REQUIREMENT
Please write out every line of the listing without alteration, but omit the images.

PROVIDED DATA
################

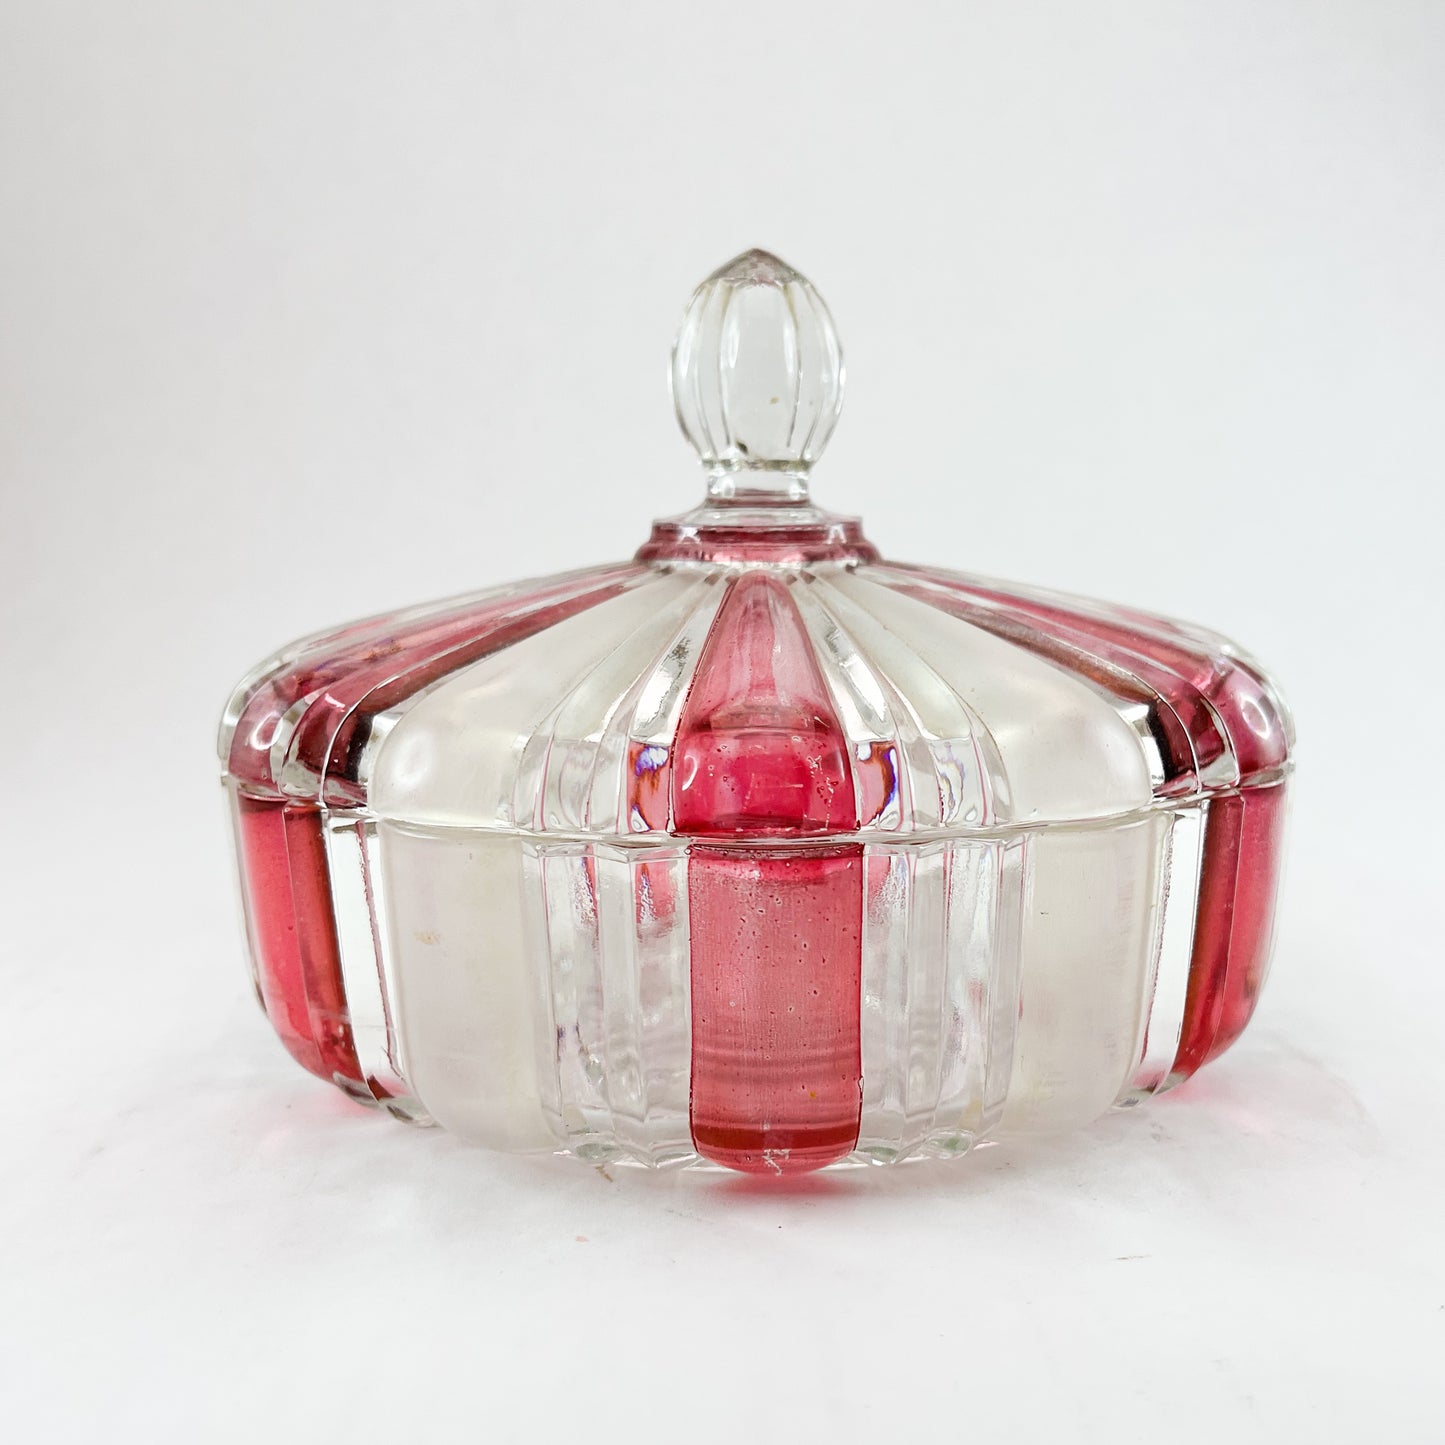 Peppermint Candy Dish
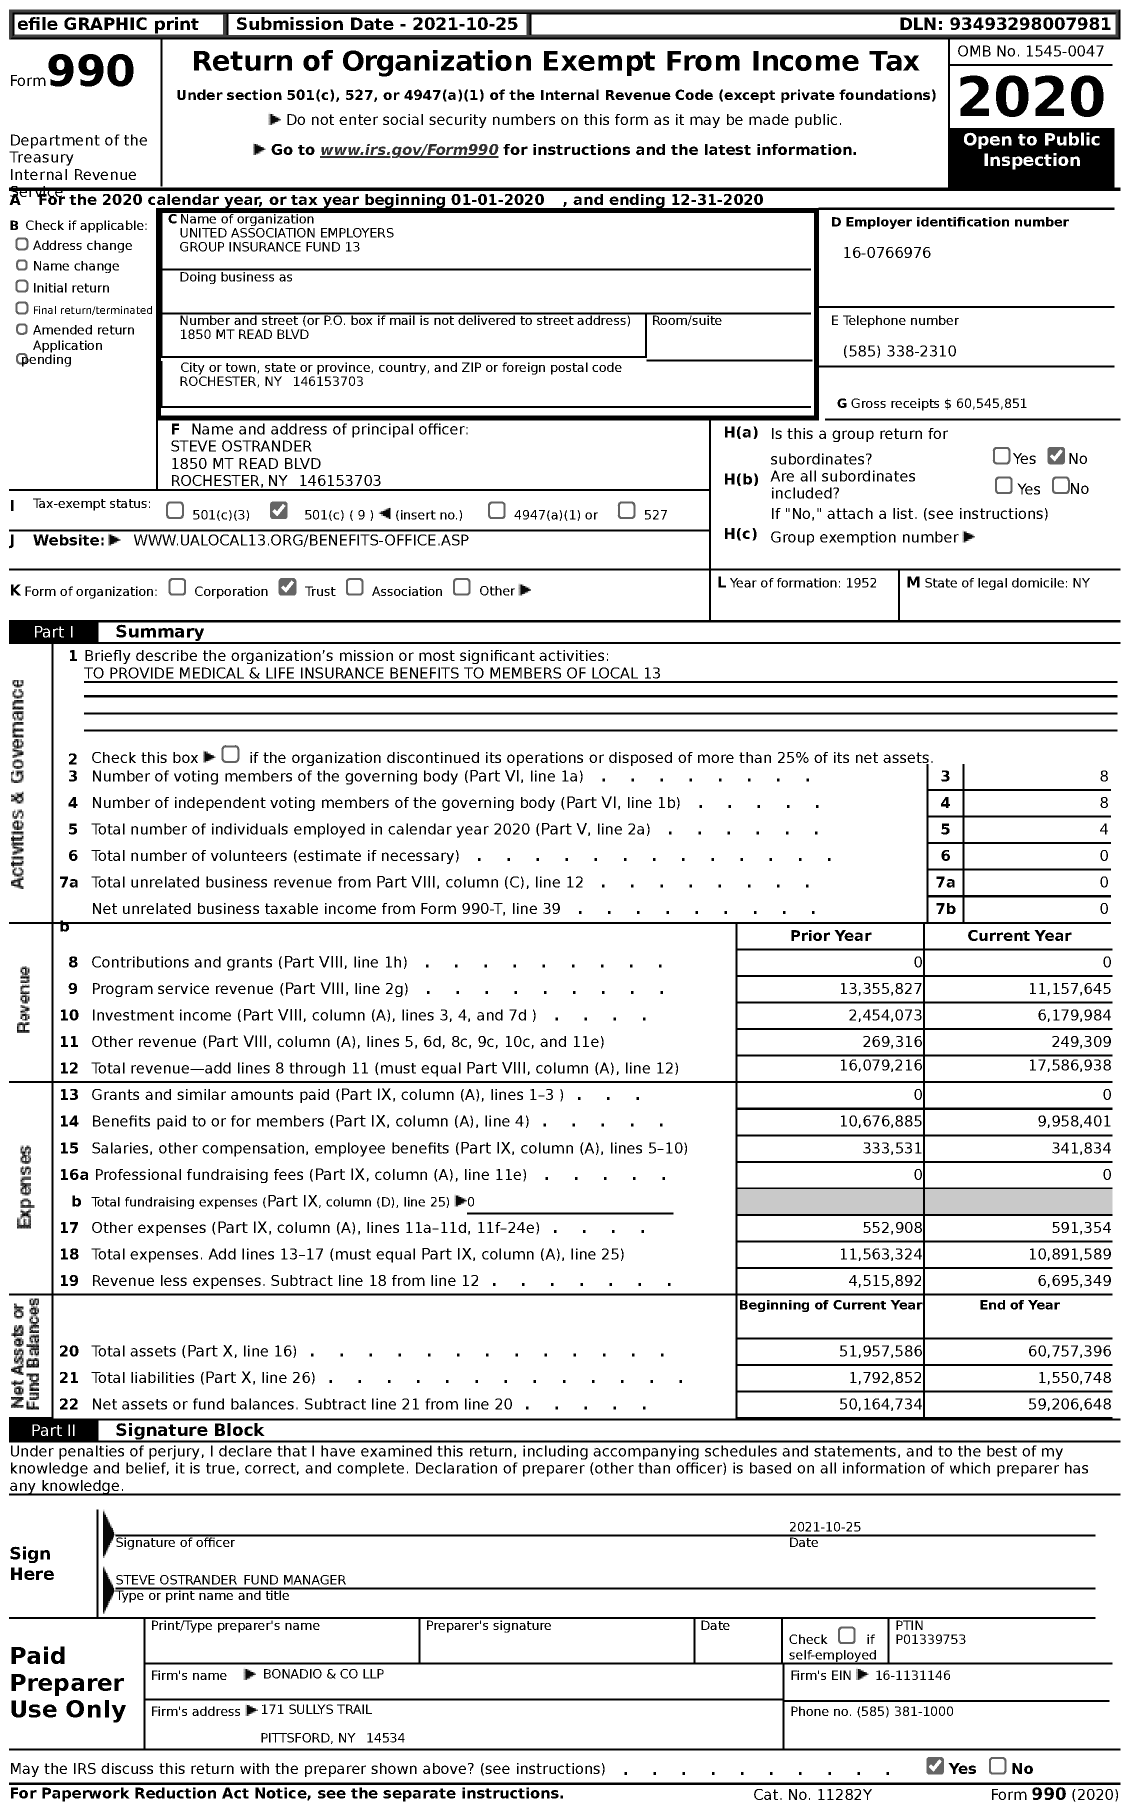 Image of first page of 2020 Form 990 for United Association Employers Group Insurance Fund 13
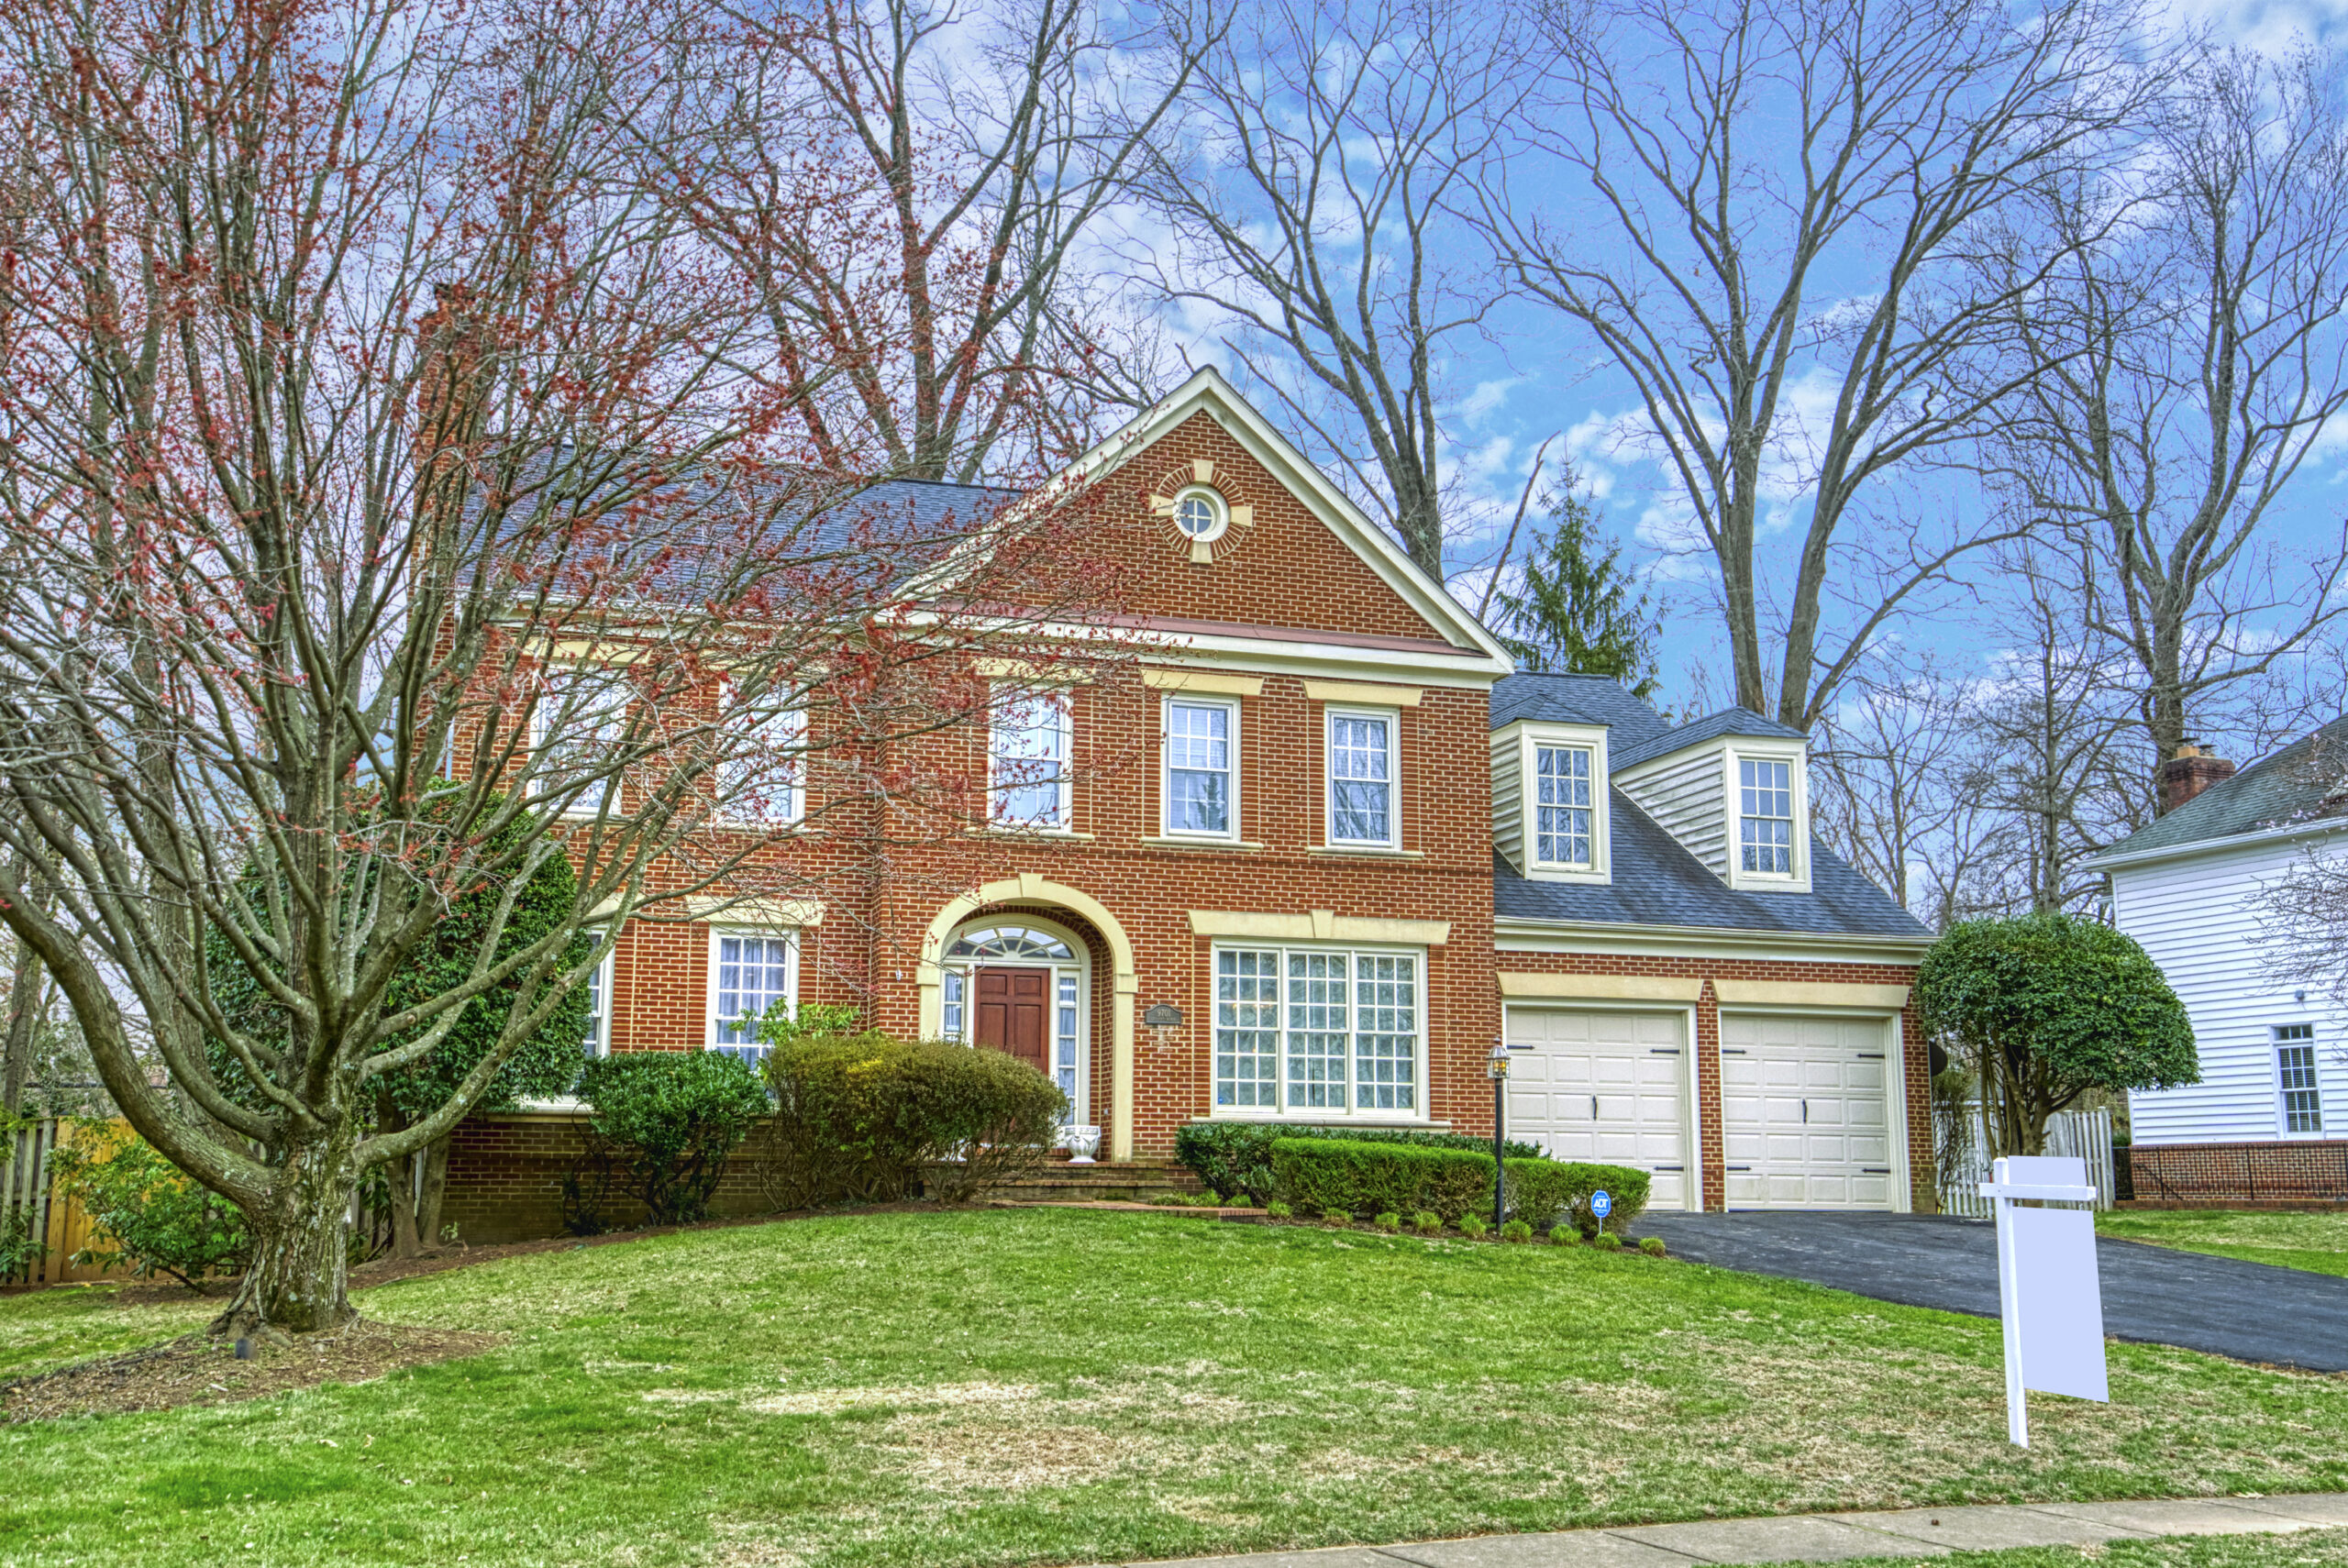 Professional exterior photo of 9701 Chilcott Manor Way - taken from the front left angle, all brick colonial with 2 car garage

################

TASK SOLUTION
 Peppermint Candy Dish
 Image of first page of 2020 Form 990 for United Association Employers Group Insurance Fund 13
 Professional exterior photo of 9701 Chilcott Manor Way - taken from the front left angle, all brick colonial with 2 car garage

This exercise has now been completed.